A low wall about 2.5 meters wide, made of stones and rubble overgrown with grass, encloses an oval area of ​​20 to 22 meters. In the middle is a slightly raised platform about six meters in diameter. These are the remains of a somewhat later Cairns that WJ Andrew dug up in the 1920s, where he found a well-contained collar urn and an incense bowl. It may be that the cairn's current flattened shape is the result of its excavation.

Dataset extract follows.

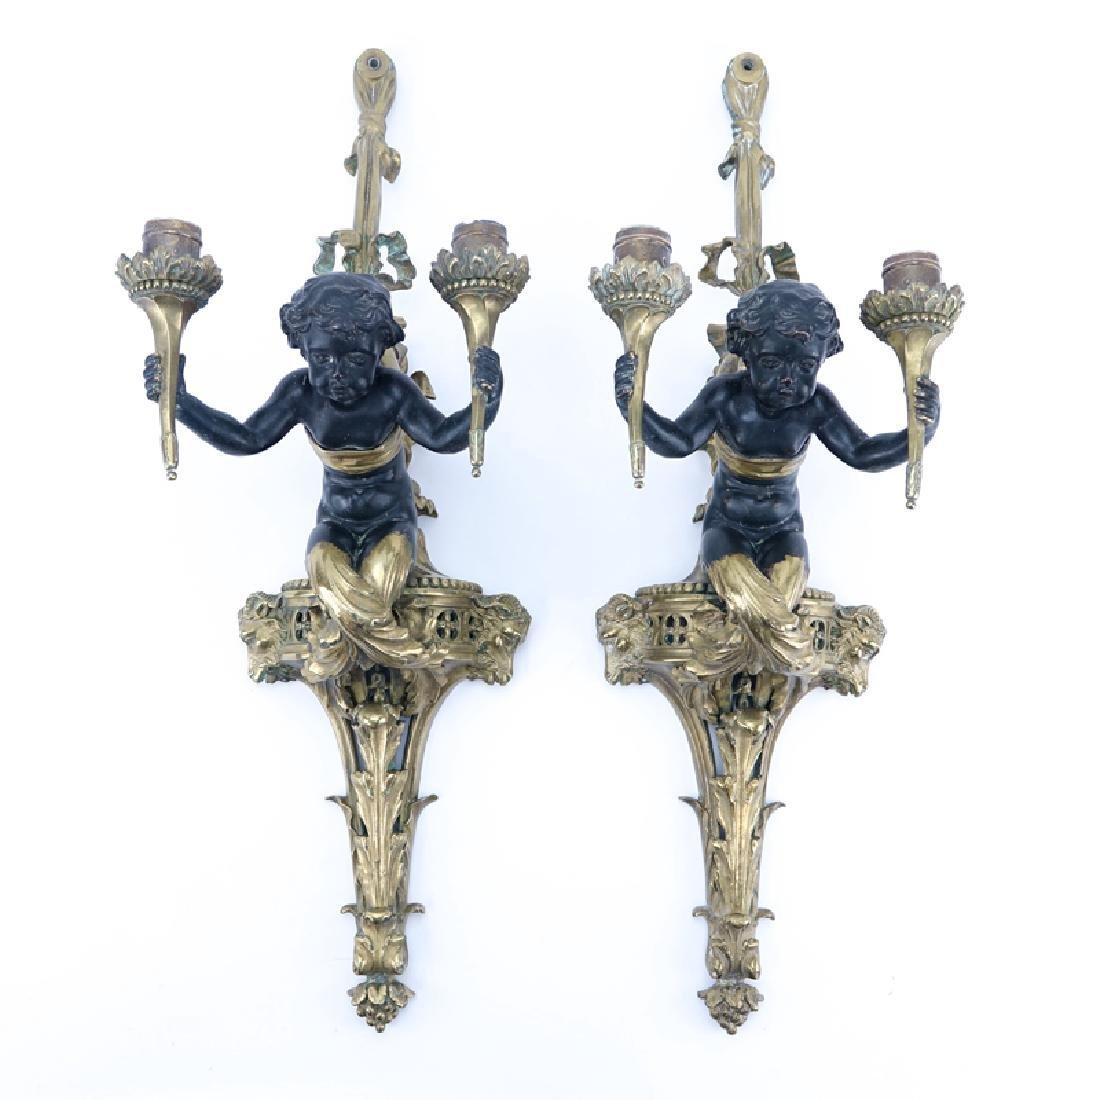 Pair of 19/20th Century Louis XVI Style Gilt Bronze

The second, smaller Ringcairn, only six meters in diameter, is about 250 meters away in the southeast, on the other side of a stream. Its wall only rises 30 centimeters above the green. It is likely that the two monuments are contemporary and part of an ensemble.

context

Ring Cairns (sometimes also correctly referred to as "Ring Bank Enclosure") are round, low (maximum 0.5 meters high) but sometimes several meters wide wall structures, 8 to 22 meters in diameter, made of stones, rubble and earth were originally empty in the middle. In some cases the center was later used for a cairn (at the Hound Tor with a stone box ). The low structure of the Cairns is not always recognizable without excavations.

literature

  • BM Marsden: The re-excavation of Green Low - a Bronze Age round barrow on Alsop Moor, Derbyshire . In: Derbyshire Archaeological Journal Derbyshire Archaeological Society, 2016 pp. 082-088

Web links

Coordinates: 53 ° 20 ′ 37.5 "  N , 1 ° 52 ′ 31"  W.